(Data items)
|---|

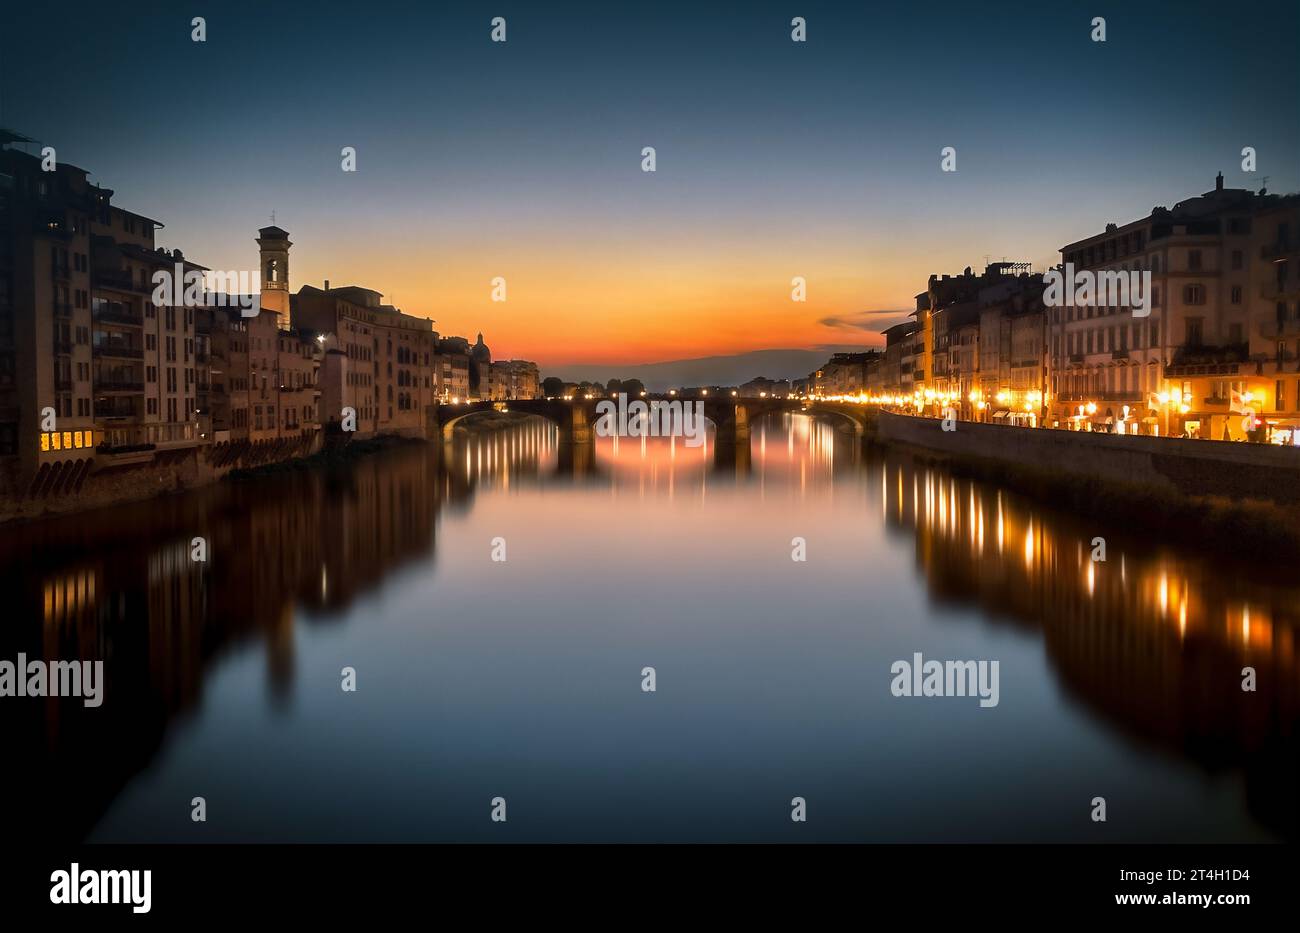 Belle vue sur le Ponte alla Carraia avec les couleurs chaudes du coucher de soleil reflété sur la rivière Arno. Vue relaxante et paisible Banque D'Images
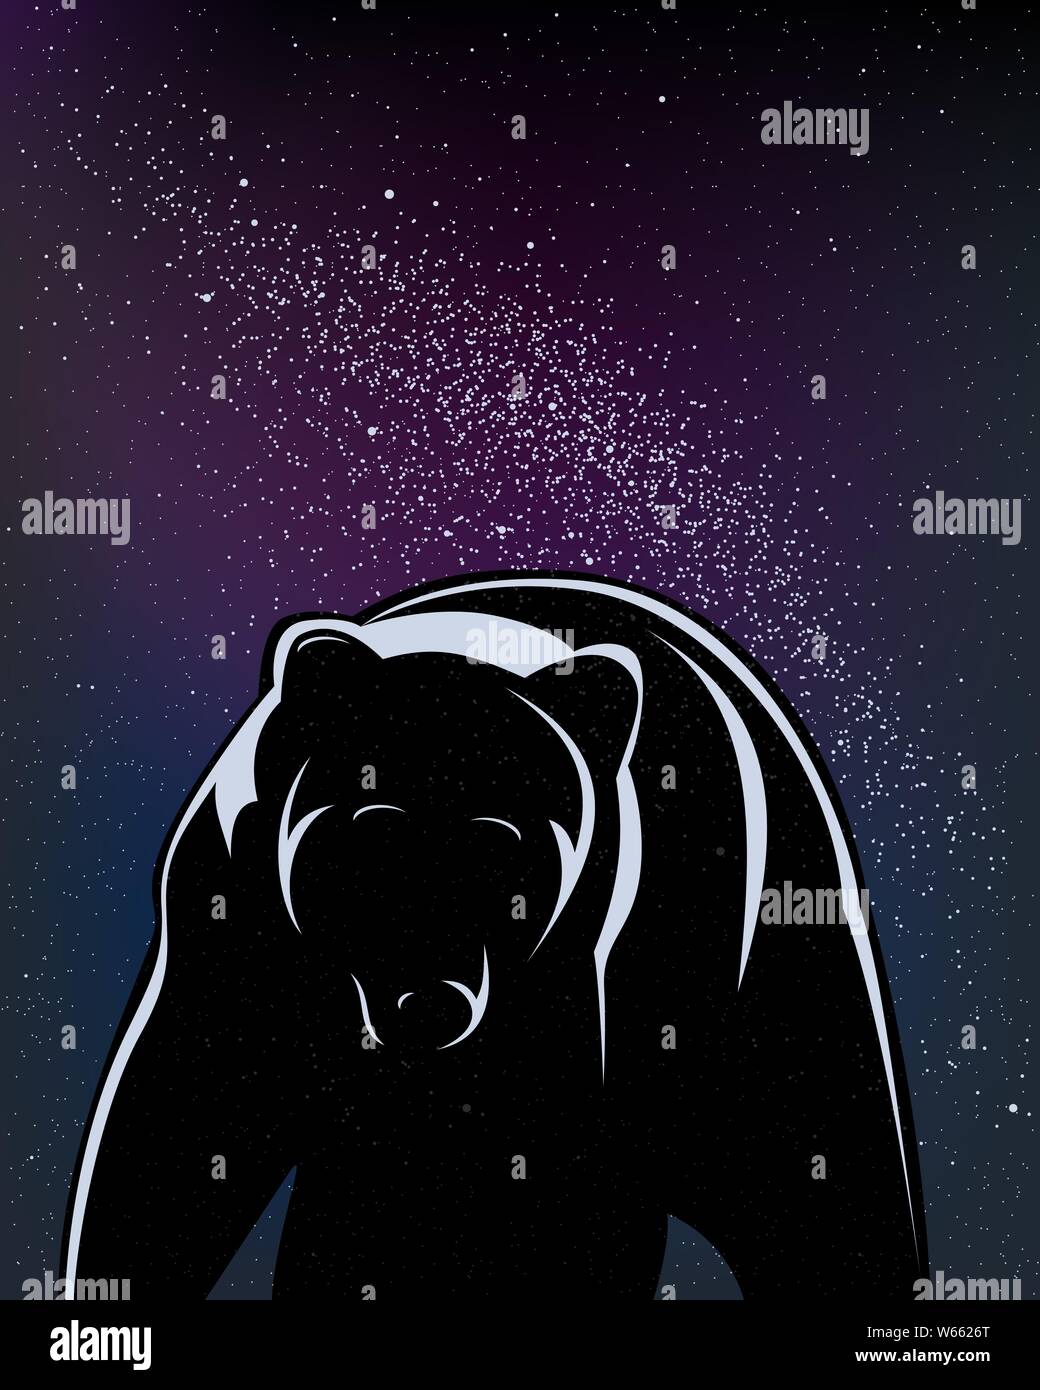 Illustrazione Vettoriale. Orso a piedi isolato in nero in una notte stellata. Illustrazione Vettoriale
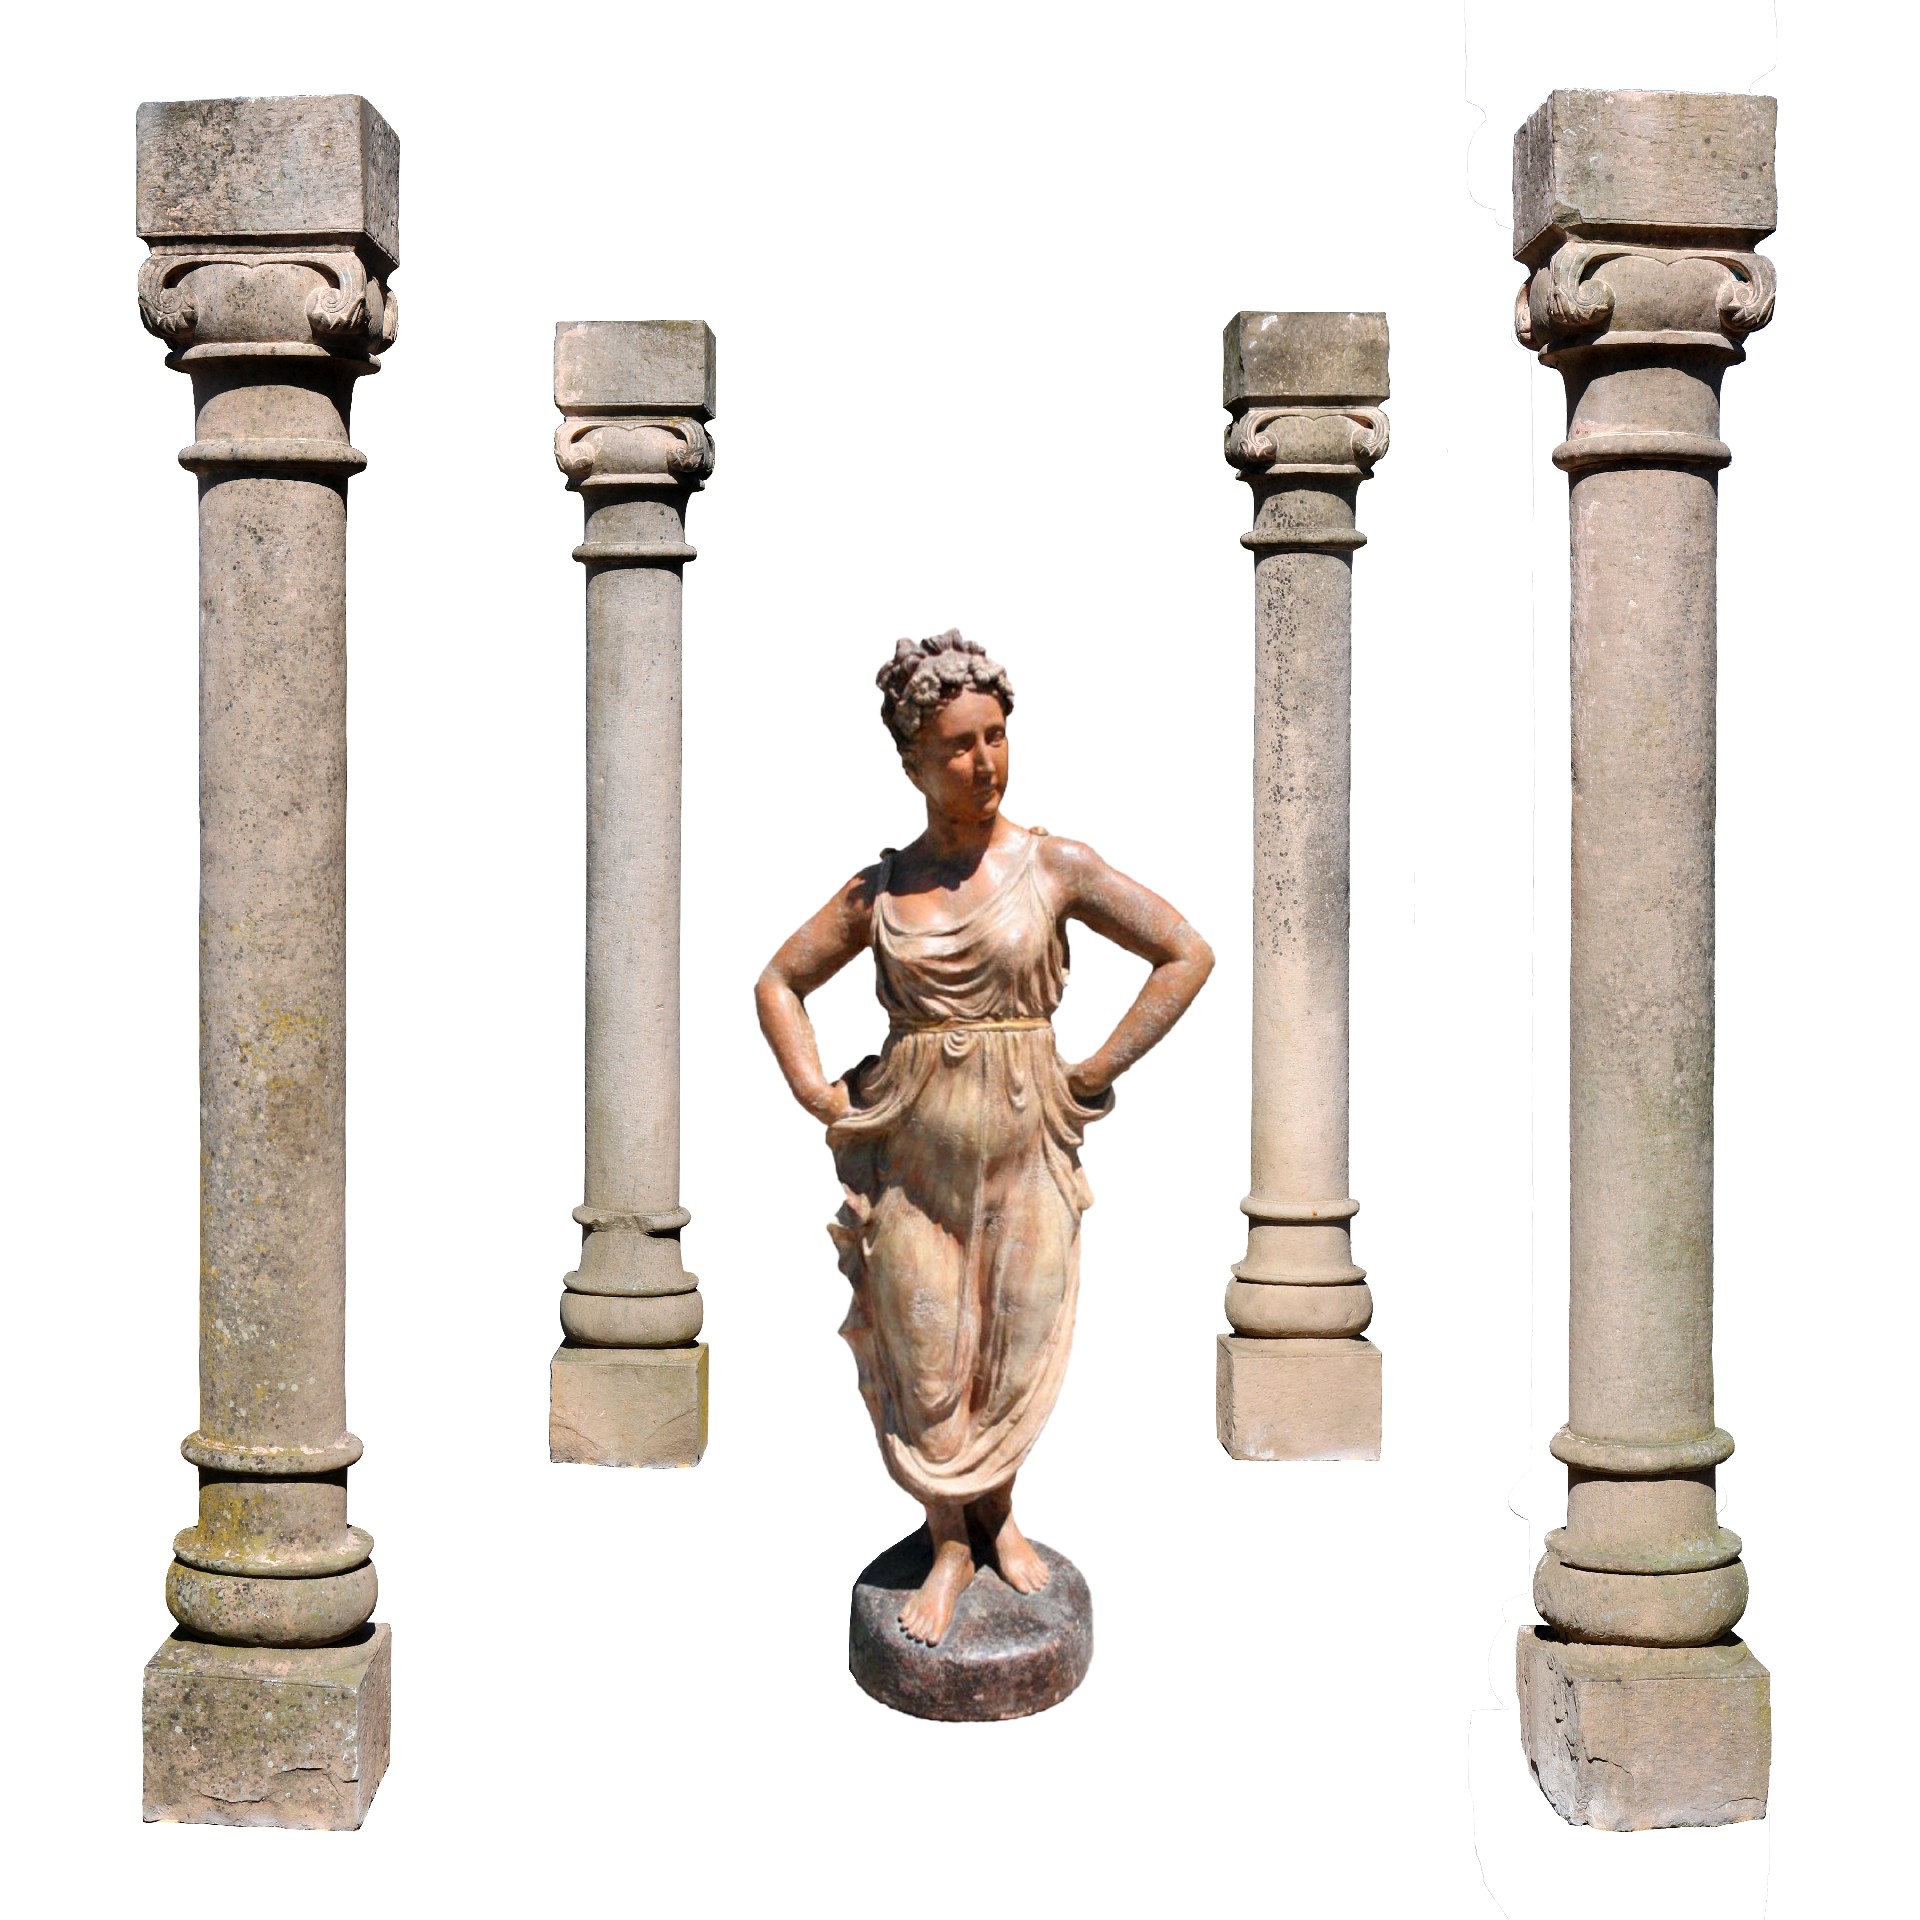 Quattro colonne antiche in pietra. Epoca 1800. - Colonne antiche - Architettura - Prodotti - Antichità Fiorillo
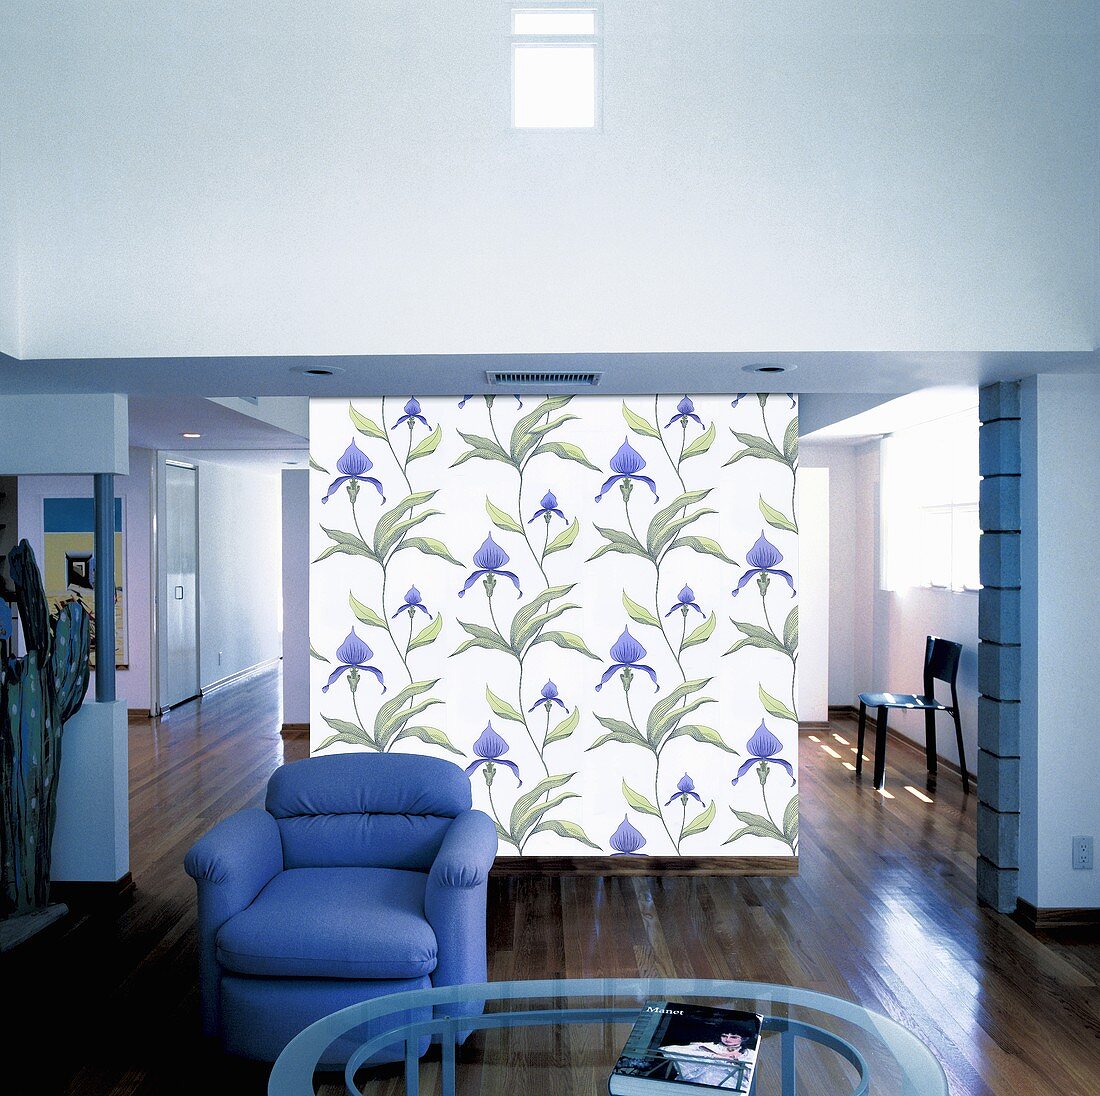 Leinwand-Tapete als Raumteiler hinter einem blauen Sessel
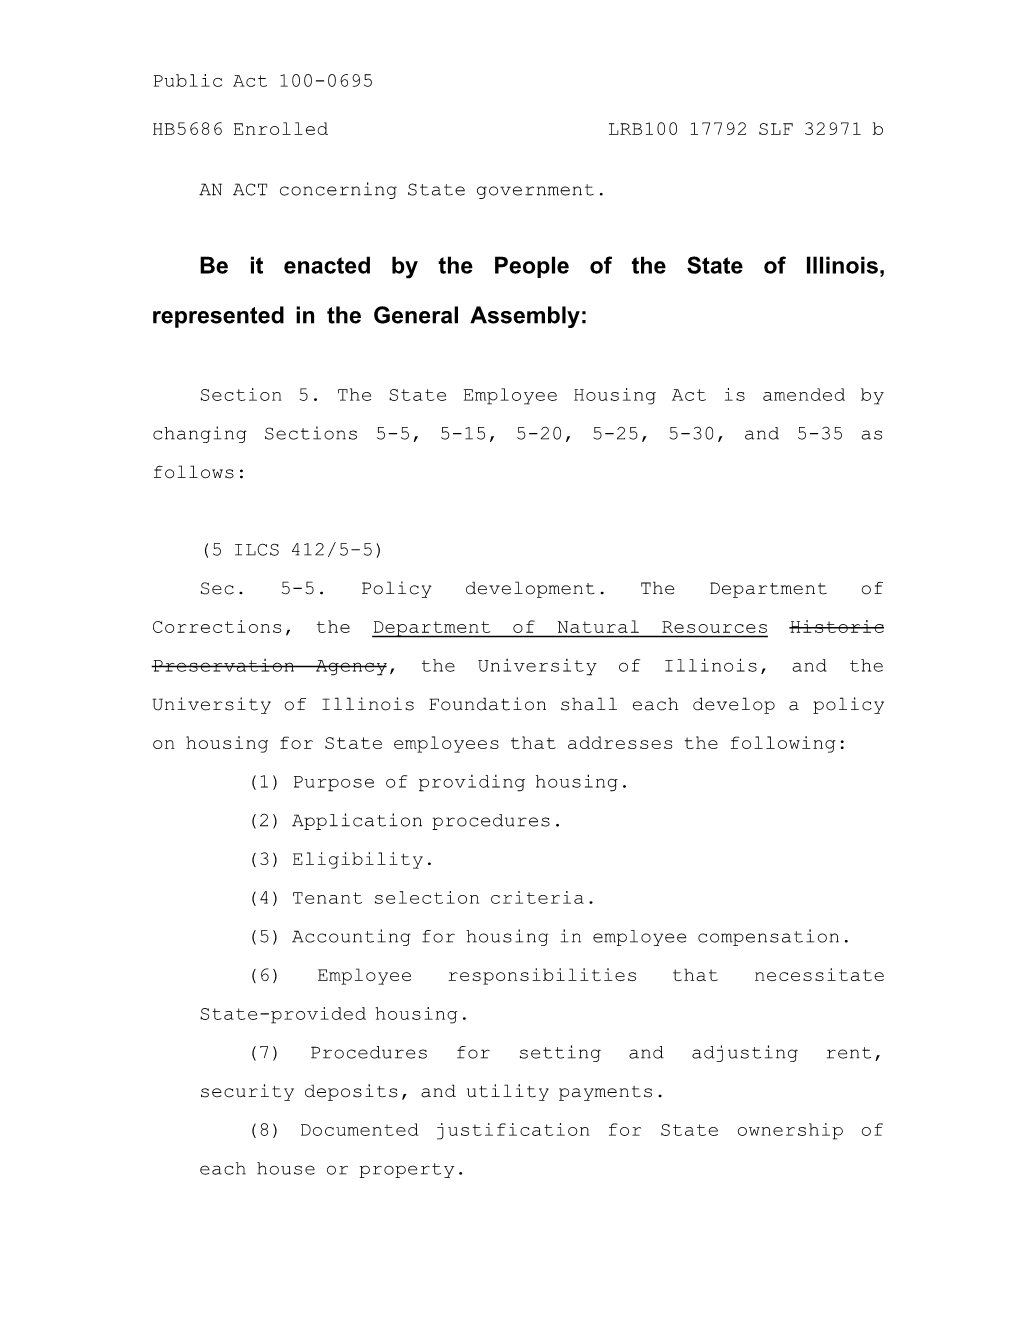 Letter Bill 1..124

|---|

What you will do:
Transcribe the data exactly, minus any images.

Worked solution:
 Belle vue sur le Ponte alla Carraia avec les couleurs chaudes du coucher de soleil reflété sur la rivière Arno. Vue relaxante et paisible Banque D'Images
 Illustrazione Vettoriale. Orso a piedi isolato in nero in una notte stellata. Illustrazione Vettoriale
 Quattro colonne antiche in pietra. Epoca 1800. - Colonne antiche - Architettura - Prodotti - Antichità Fiorillo
 Leinwand-Tapete als Raumteiler hinter einem blauen Sessel
 Letter Bill 1..124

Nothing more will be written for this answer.